Three things happen:

You sound generic. The web version was written for everyone. The AI reads the hedge and treats you as interchangeable.

Your differentiators vanish. Your sales team knows exactly what sets you apart — they say it on every call. The website uses industry terms. The AI can't tell you from the company down the street.

Your competitor gets cited. Not because they're better. Because their published language is sharper — closer to what their sales team actually says. Their narrative is coherent. Yours has a gap.

You don't lose the citation because your product is worse. You lose it because your website describes it worse than your sales team does.

The cruelest version of this: your company already solved the language problem. The right words exist — in call recordings, in winning proposals, in the email that closed the seven-figure deal last quarter. They exist in the living system, distributed across your sales floor.

They just never reached the place where AI looks.

V

The Delta Map

The fix isn't a website rewrite. It's a comparison.

Extract what your sales team actually says. Not the script — the language that wins. Pull it from recordings, proposals, the emails that close. Capture the living version before it walks out the door.

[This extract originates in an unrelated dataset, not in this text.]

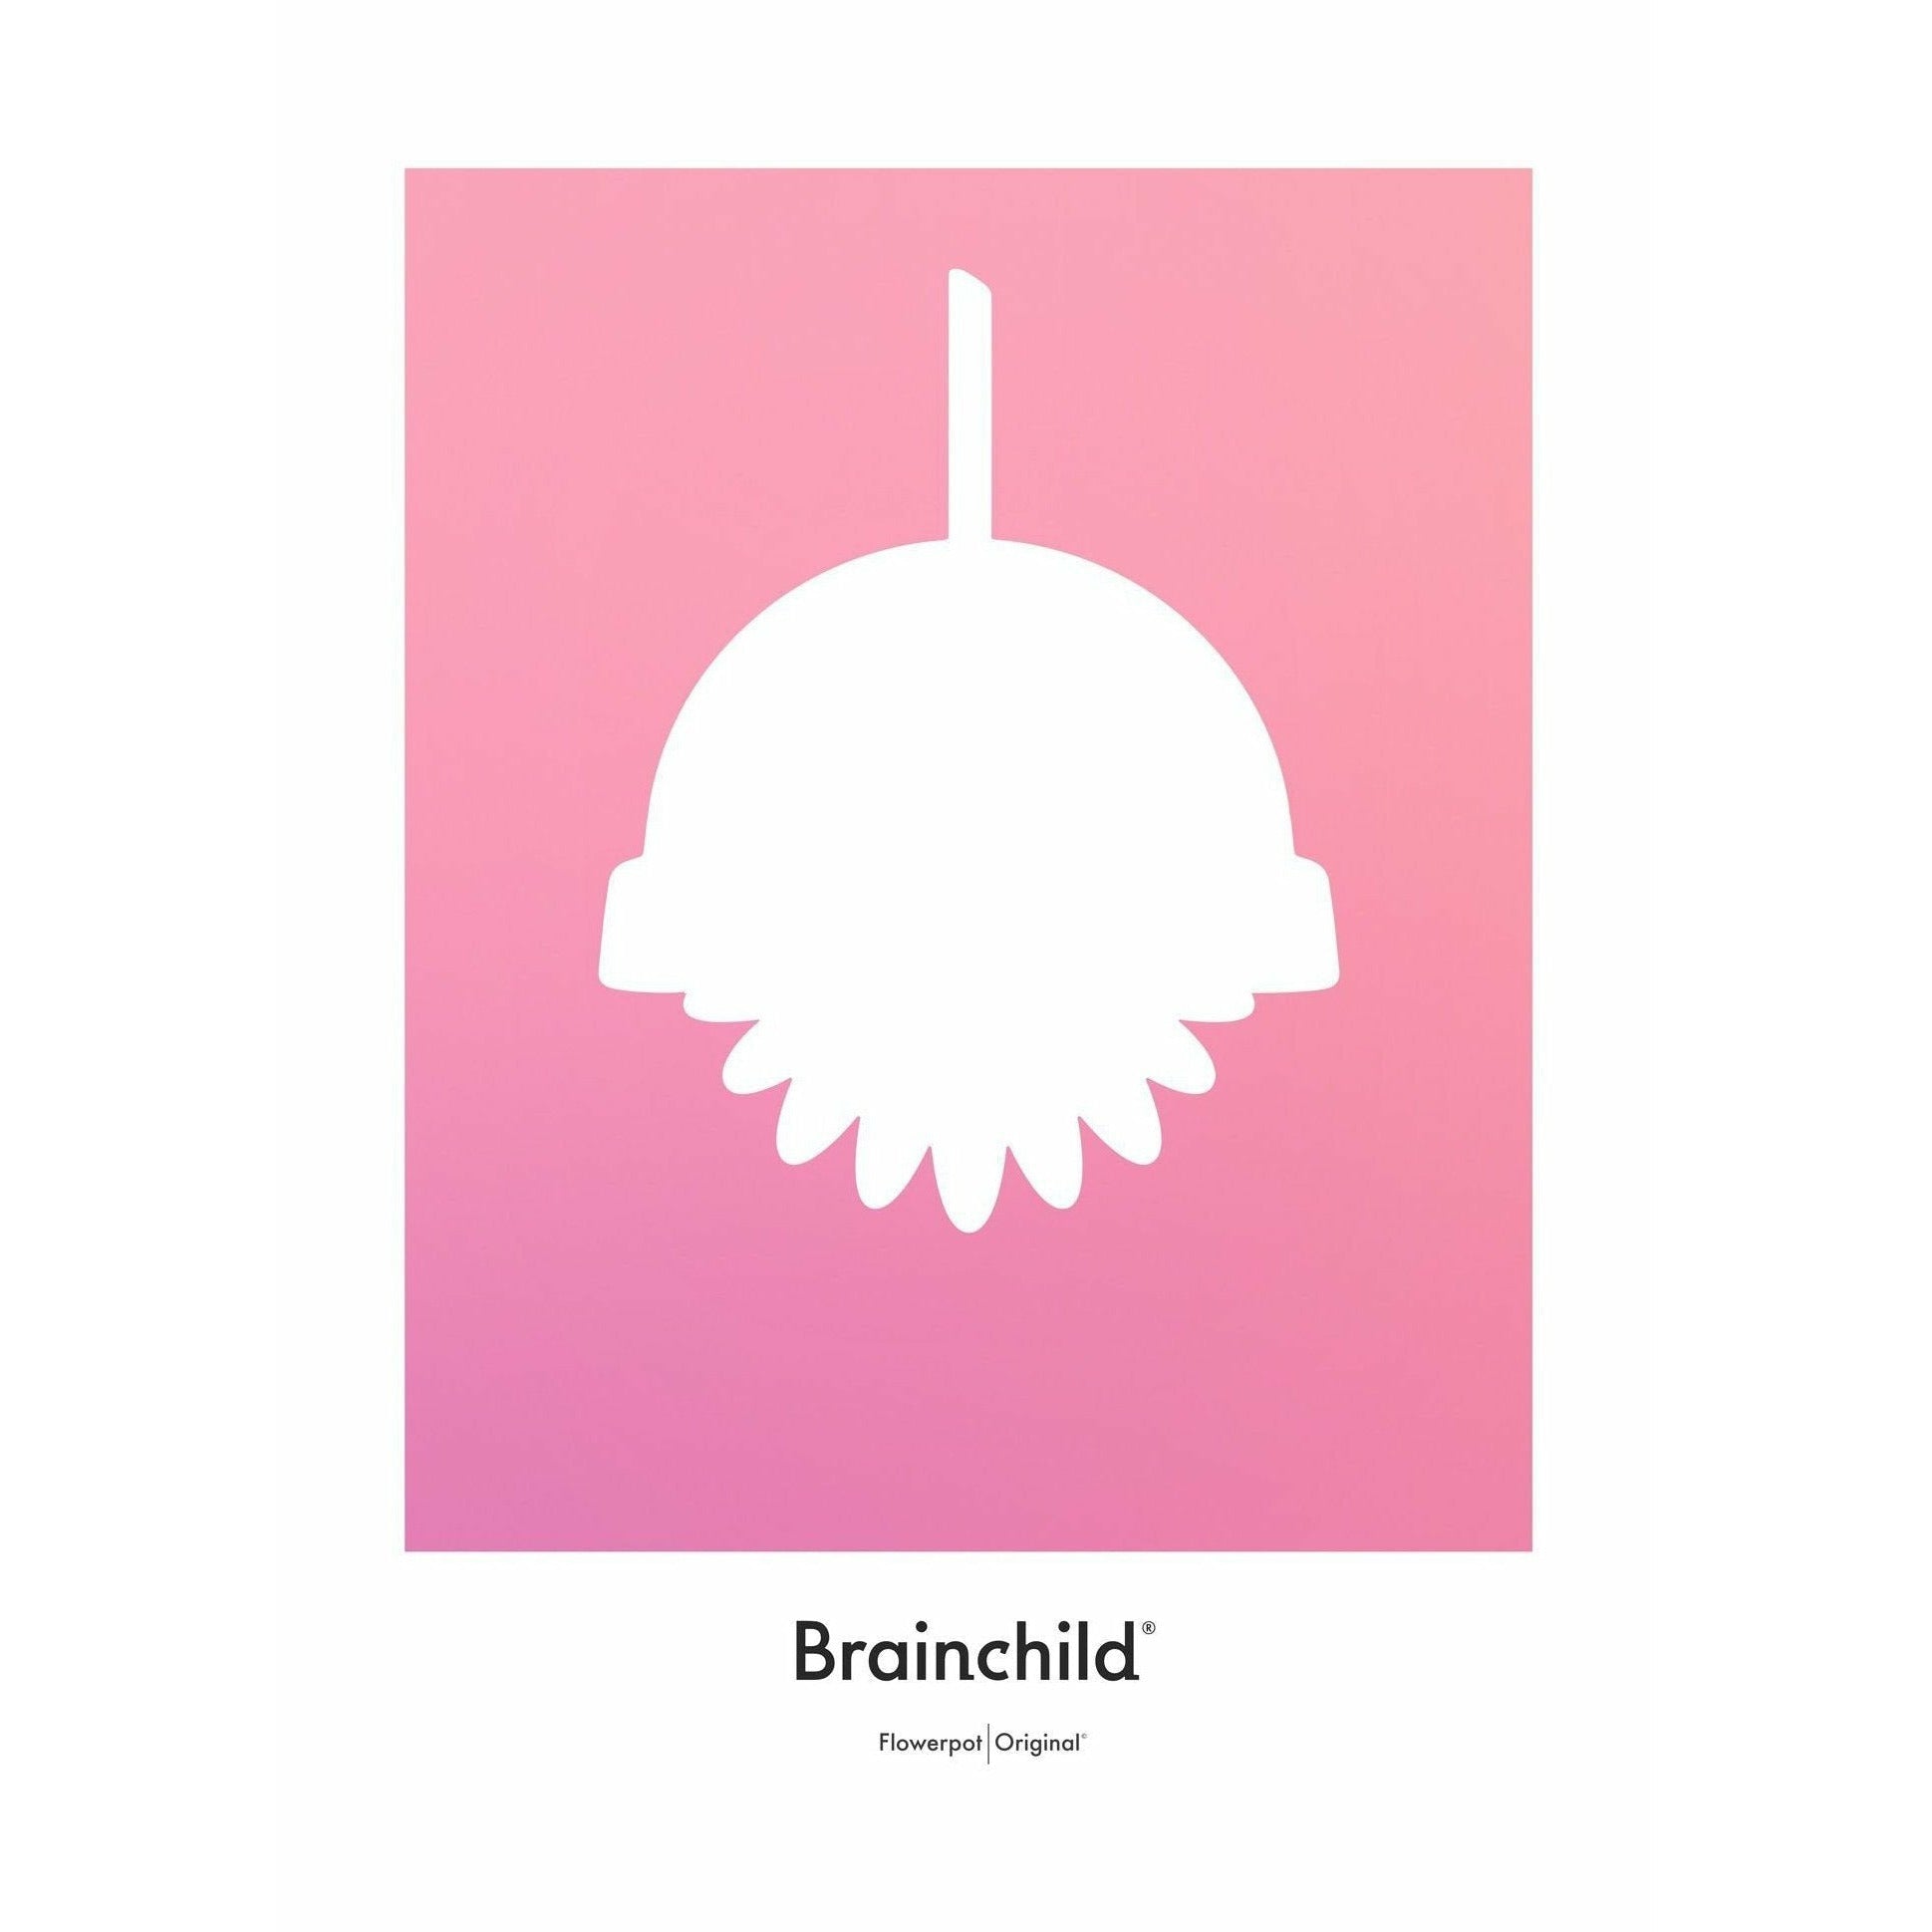 Brainchild Flowerpot Design Icon Poster Without Frame 70 X100 Cm, Pink

Query the AI engines. Ask them to describe your product, recommend in your category, compare you to alternatives. Record exactly what comes back.

Map the delta.

The Delta Map
Dimension Sales Says AI Says Gap
Value prop Exact language from calls that close What the AI actually attributes to you Specificity lost
Differentiator The line that wins deals Often missing entirely Invisible
Objection reframe The answer that converts skeptics Not present in any form Complete absence
Use case framing Buyer's own language, mirrored back Category language, generic Audience mismatch
Competitive position Sharp, earned through live comparison Vague, sometimes incorrect Dangerous
Every row where the sales column is sharper than the AI column is a citation left on the table.

We've run this audit across B2B industrial, SaaS, and professional services companies. The gaps range from cosmetic — slight differences in emphasis — to catastrophic, where the AI describes a company's core differentiator as belonging to their competitor. The pattern is consistent: the further the web narrative has drifted from the sales narrative, the worse the AI representation.

The gap isn't subjective. It's auditable. And it's closable — once you see it, you can't unsee it.

Close

Your best rep knows exactly how to describe your product. She's been refining it for years — through objections, through losses, through the slow pressure of a thousand conversations that taught her what works.

That language is the best copy your company has. It's alive, it's distributed across your team, and it's invisible to every AI engine on the planet.

The machine is quoting the frozen version. Your sales team knows better.

Close the gap — or the AI will keep saying what you used to say, not what you've learned to say.